June 25, 2015
Albany, NY

Company with State Contract Settles Case Alleging It Provided Meals, Offered Employment to State Office of Medicaid Inspector General Employee

Company with State Contract Settles Case Alleging It Provided Meals, Offered Employment to State Office of Medicaid Inspector General Employee
$75,000 Settlement Ends Inquiry of HMS for Violation of Lobbying Law
The New York State Joint Commission on Public Ethics announced today that it has reached a settlement agreement with a company that paid for meals and beverages for a State employee, even offering that employee a job, while under contract with the State to help recover improper Medicaid payments and overpayments.
Health Management Systems, Inc. (HMS), which is the client of a registered lobbyist, agreed to pay $75,000 to settle allegations that employees of the company improperly paid for a series of meals and beverages between 2010 and 2013 for Joseph Flora, who was then an employee of the state Office of the Medicaid Inspector General (OMIG). The value of the more than 50 meals totaled over $1,500. The State’s lobbying law prohibits gifts of more than nominal value and meals and beverages exceeding $15 under circumstances in which it could appear to influence or reward official conduct.
HMS is under contract with New York State and others to recoup funds from unpaid, overpaid or fraudulent Medicaid claims. The multi-year contract – which expires in December of this year – awards HMS a percentage of the money it recovers on behalf of the State. Since the beginning of the contract, HMS has earned more than $140 million for its work. HMS regularly interacted with Flora, who was responsible for overseeing the services provided under the contract. The company also repeatedly sought and obtained Flora’s insight on pending regulatory and legislative matters. HMS later offered Flora a position with the company which included a signing bonus; both were later rescinded. Flora has since retired from OMIG.
HMS cooperated with the Commission’s investigations, and as part of the settlement agreement, further agreed to cooperate in any future inquiry into Flora’s actions. It has also revised its Code of Conduct to reflect requirements of the state Lobbying Act and agreed to provide continuing ethics training to its employees, particularly those working on the OMIG contract.

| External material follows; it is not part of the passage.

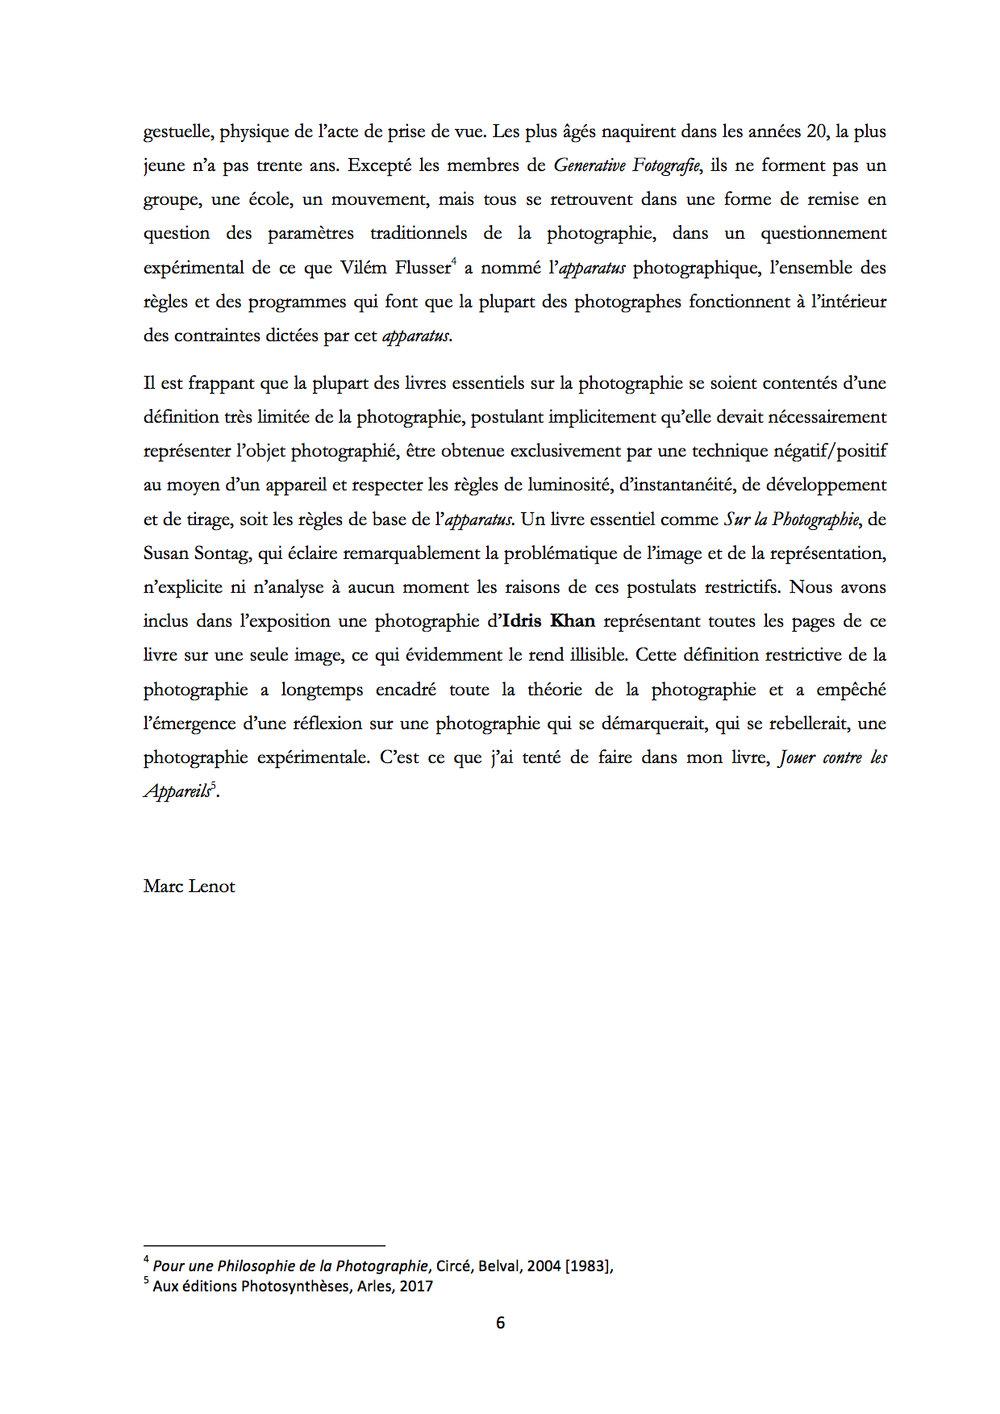 MARC LENOT text6.jpg
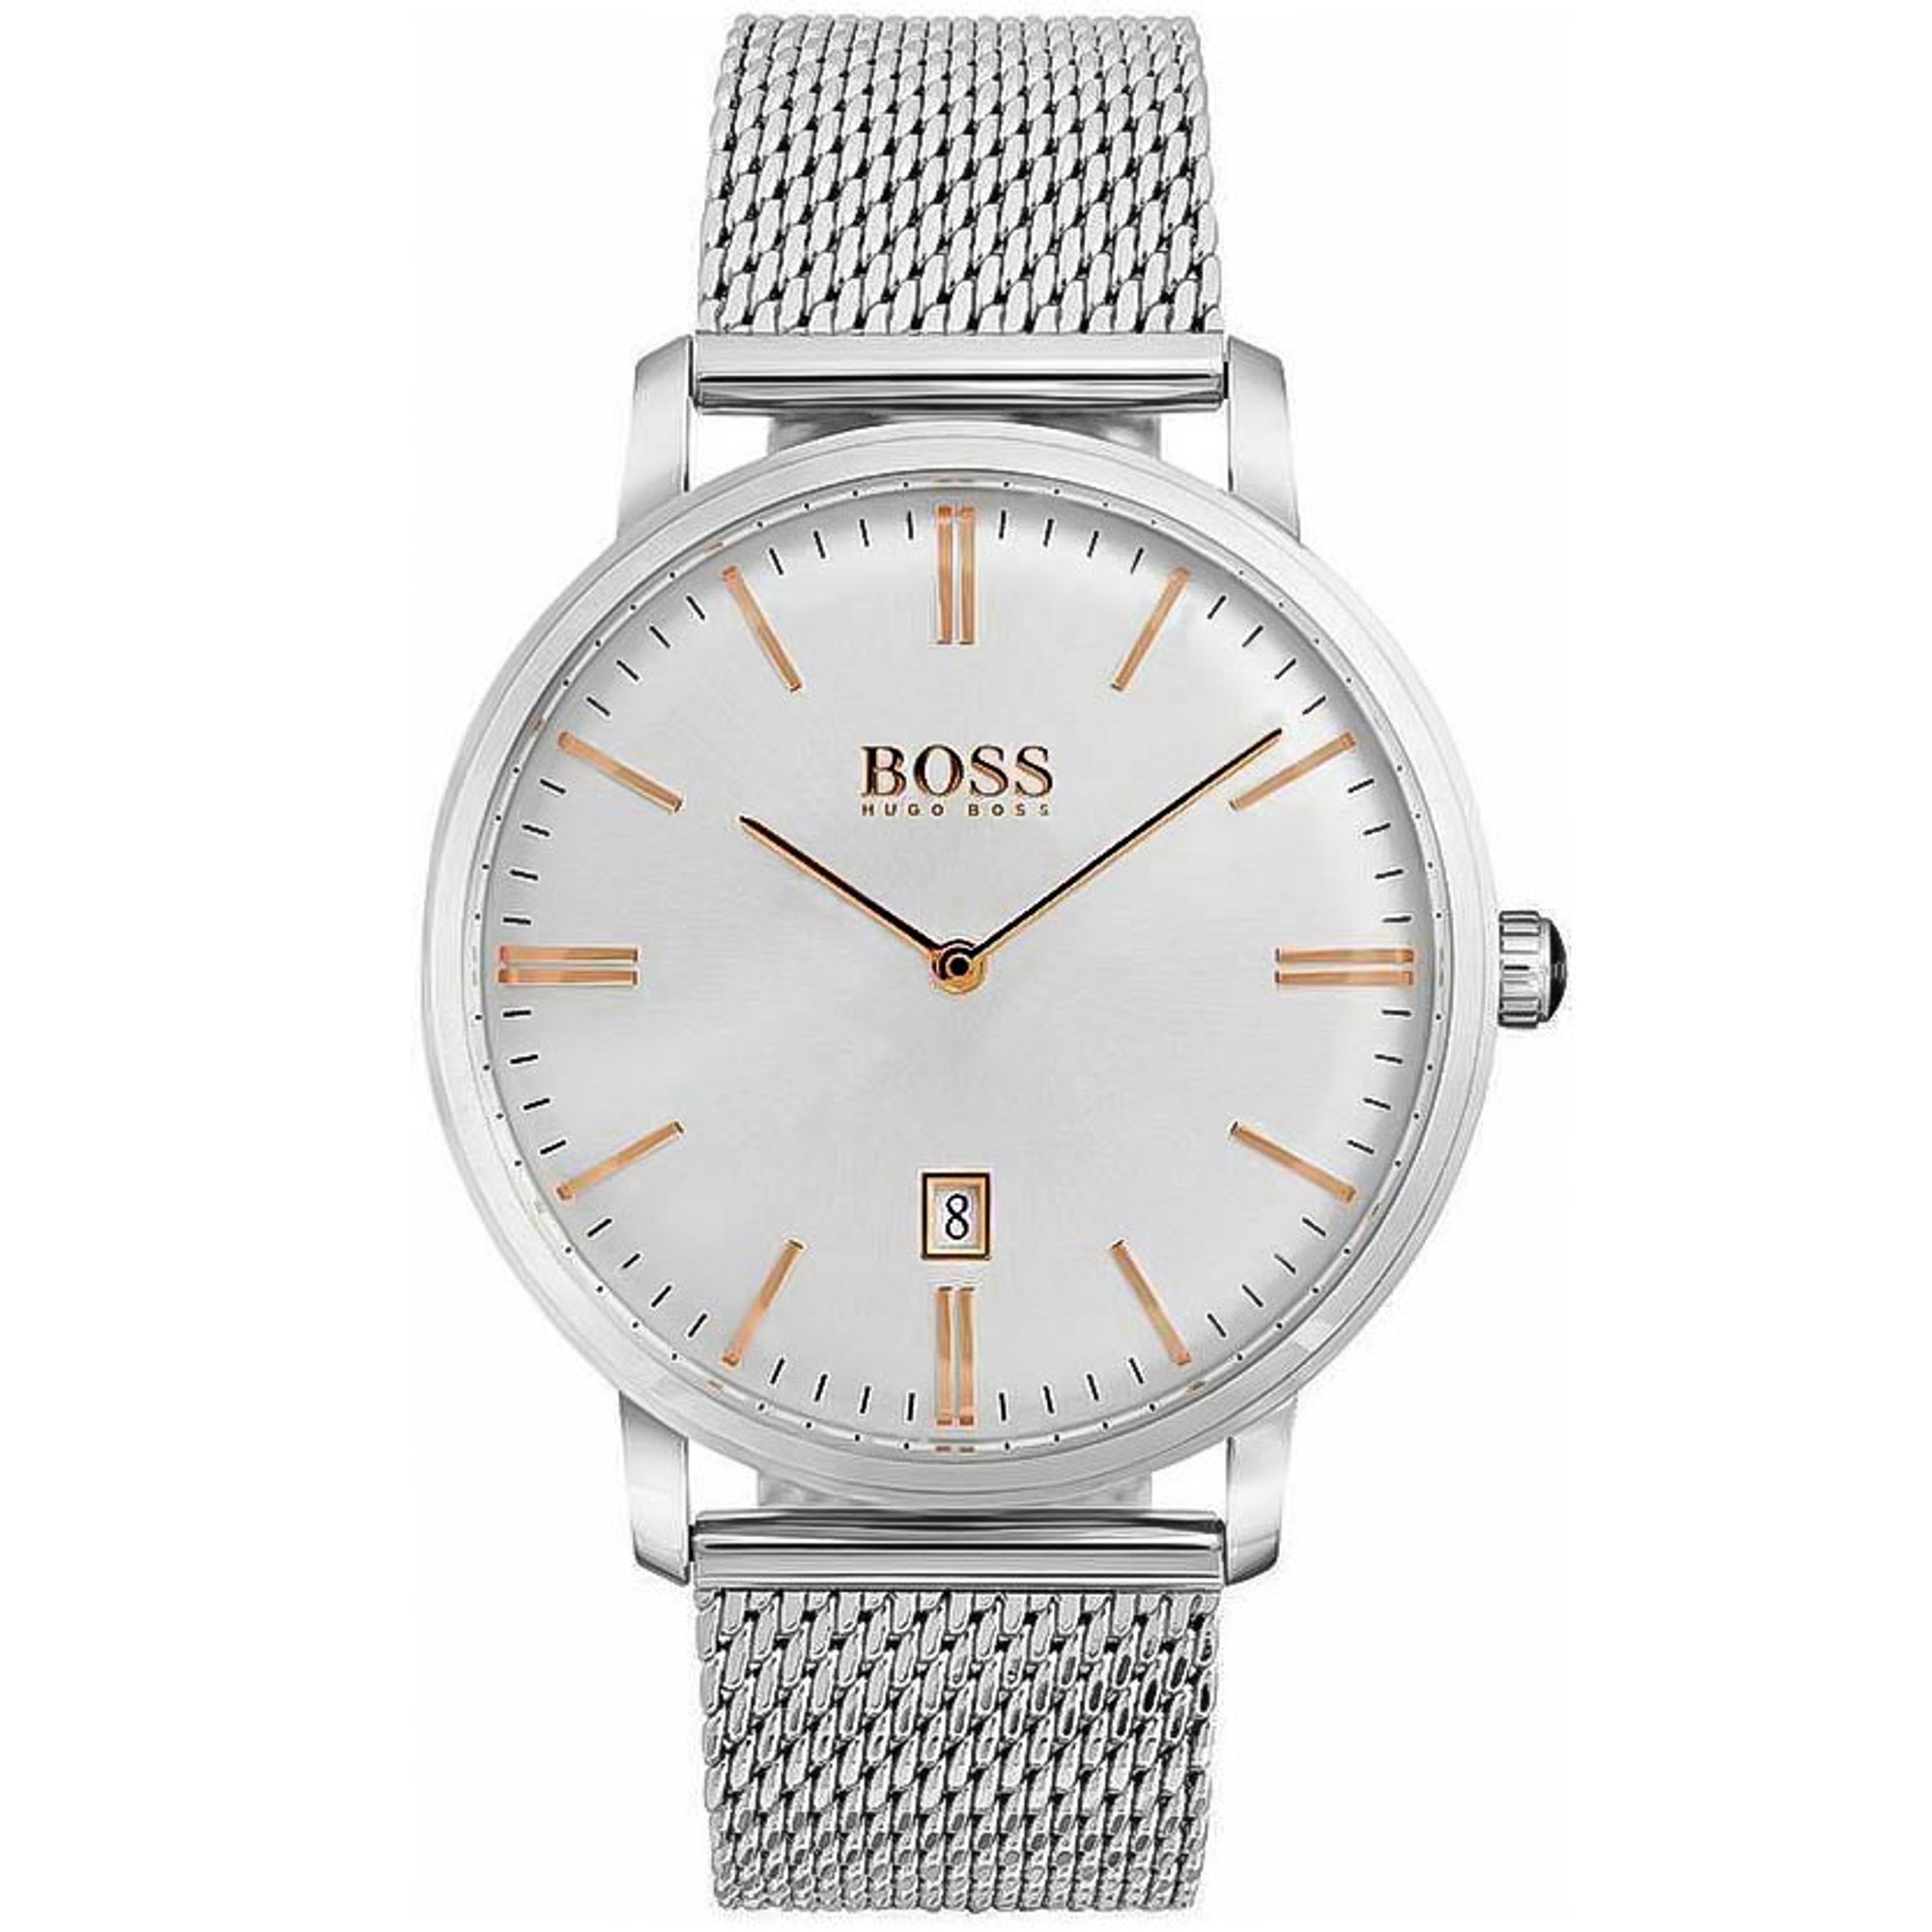 HUGO BOSS Tradition Quarz Armbanduhr 1513481

“Companies doing business with New York State have an obligation to know the law regarding lobbying and to follow that law,” said Commission Executive Director Letizia Tagliafierro. “If a company utilizes lobbyists, the prohibitions against giving gifts to public officers apply.”
This investigation into HMS and the resulting settlement arose from a prior investigation into the actions of Flora by the Office of the New York State Inspector General, and its subsequent referral to the Commission.